Prompt =
Restate the listing below word for word, and leave its pictures behind.

Collected material =
┌──
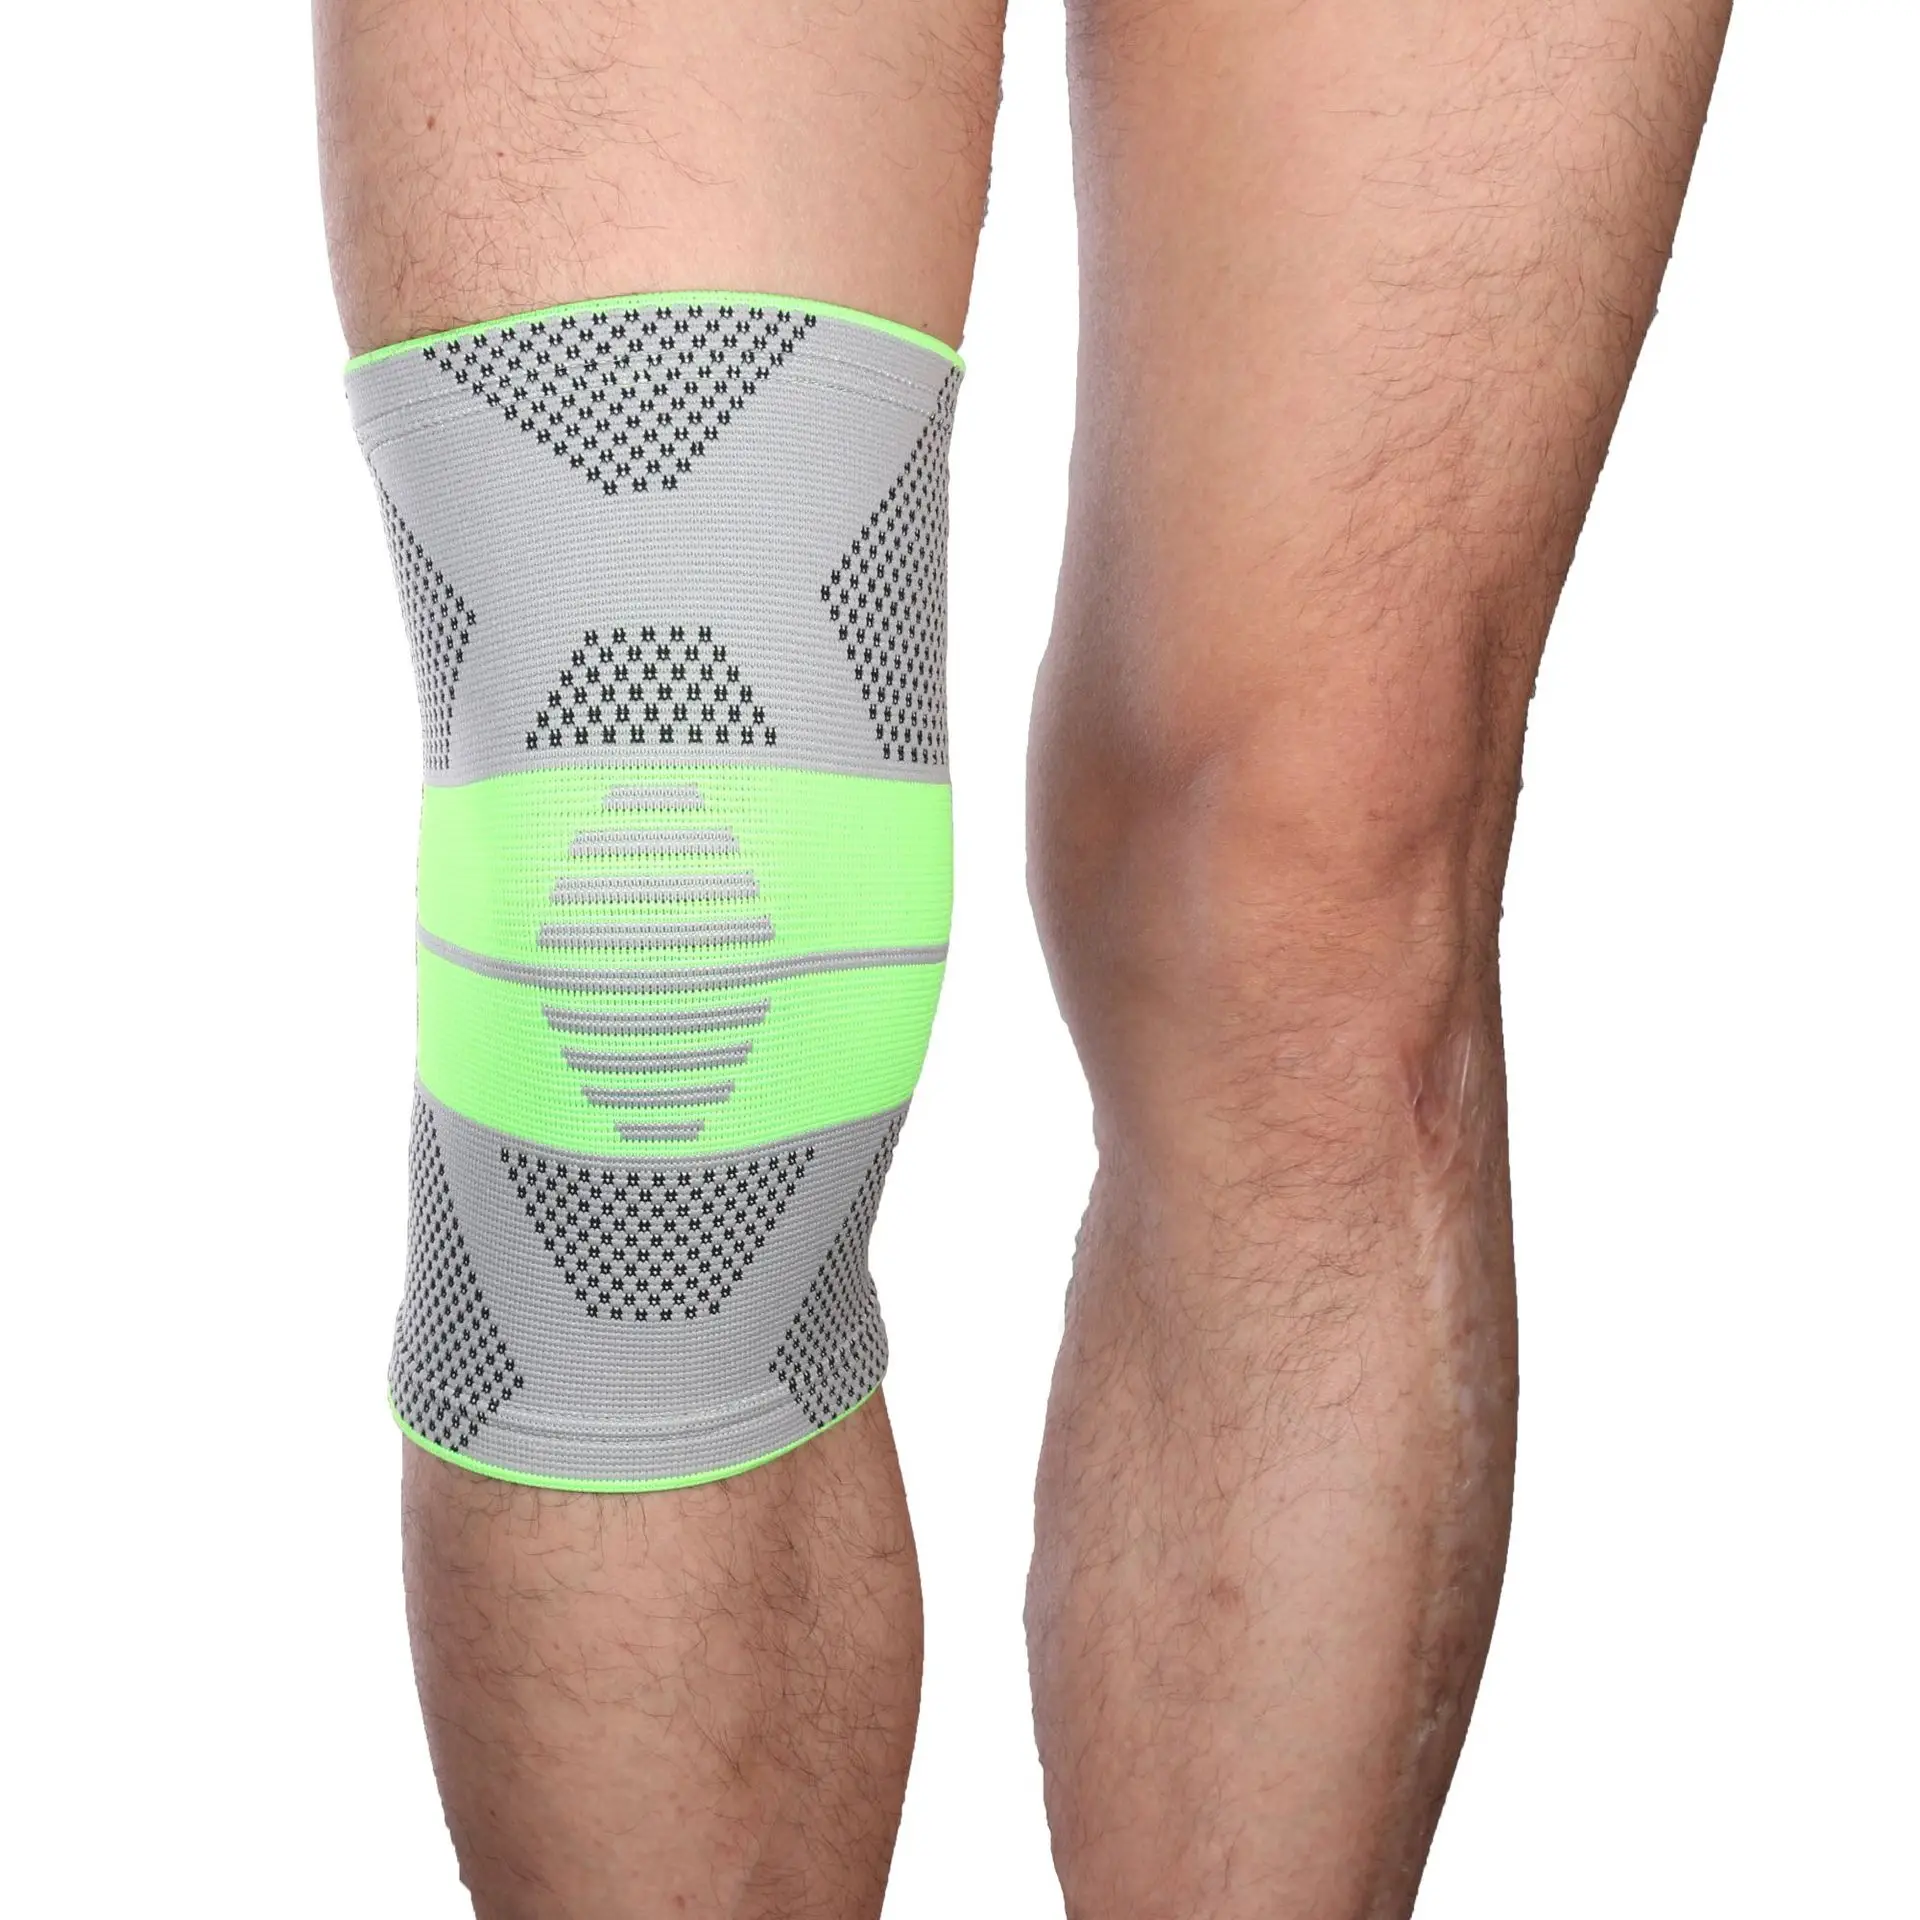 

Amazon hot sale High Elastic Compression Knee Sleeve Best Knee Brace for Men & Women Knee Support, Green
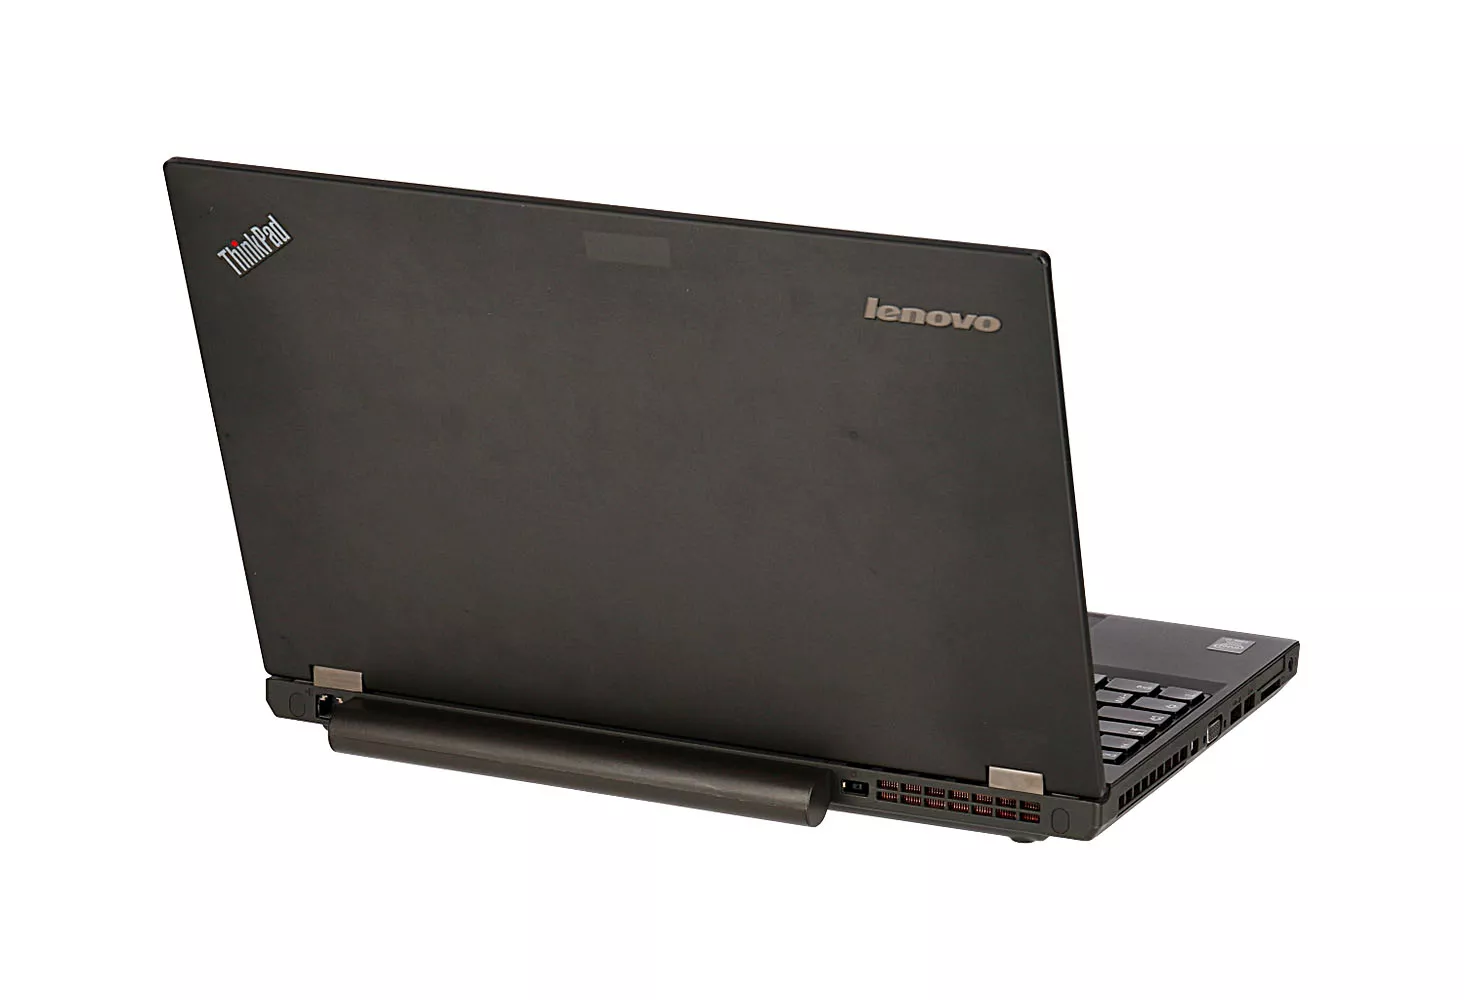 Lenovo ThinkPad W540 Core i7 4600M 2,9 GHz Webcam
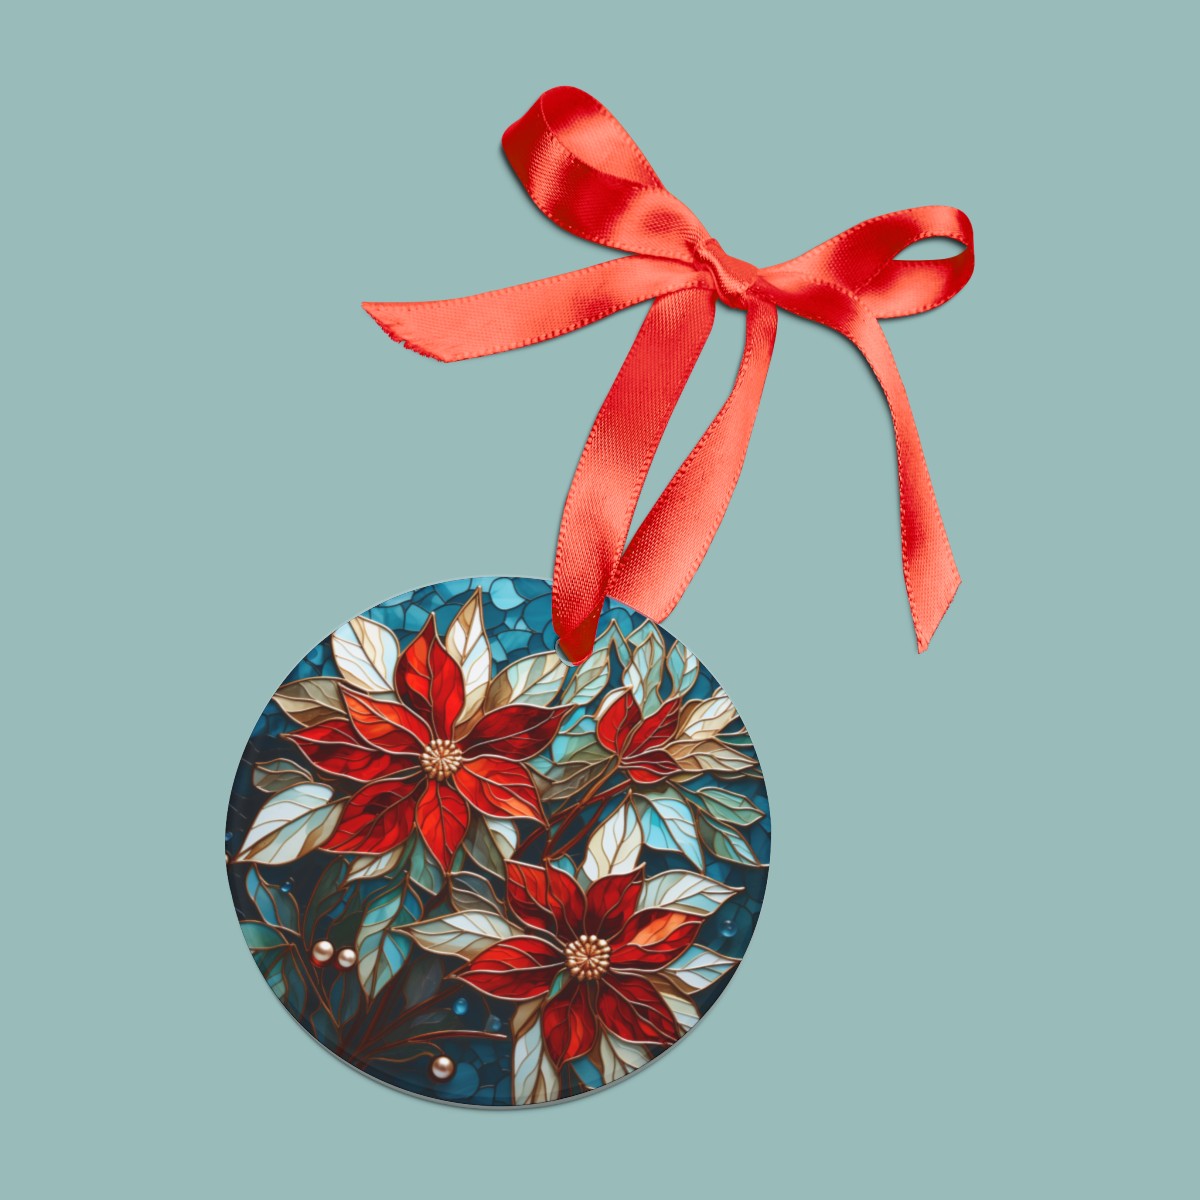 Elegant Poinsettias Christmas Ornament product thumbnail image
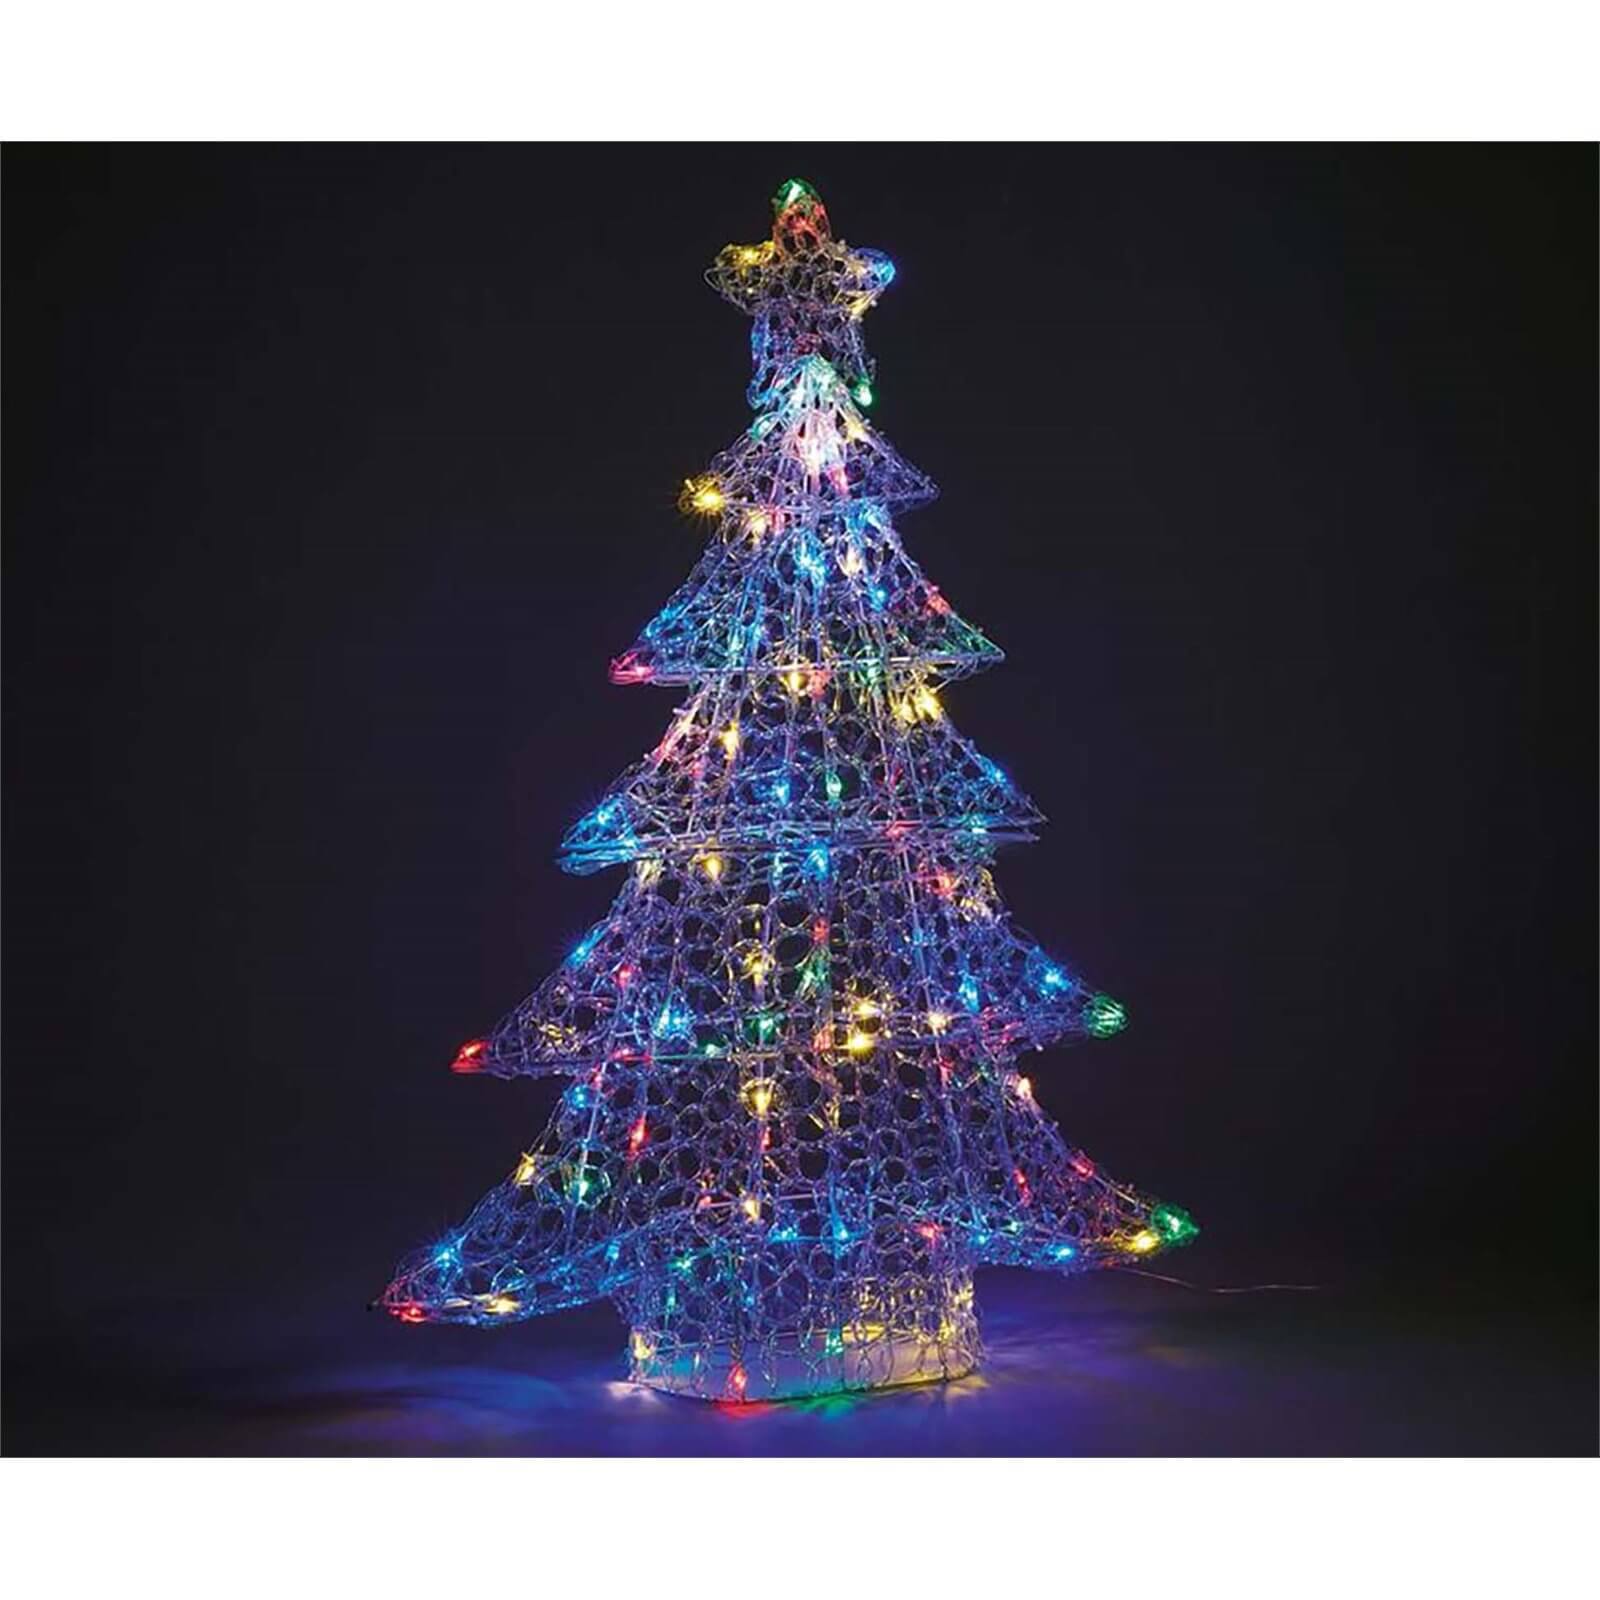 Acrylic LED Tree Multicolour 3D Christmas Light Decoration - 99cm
└──
Task result =
Amazon hot sale High Elastic Compression Knee Sleeve Best Knee Brace for Men & Women Knee Support, Green
 Lenovo ThinkPad W540 Core i7 4600M 2,9 GHz Webcam
 Elegant Poinsettias Christmas Ornament product thumbnail image
 Acrylic LED Tree Multicolour 3D Christmas Light Decoration - 99cm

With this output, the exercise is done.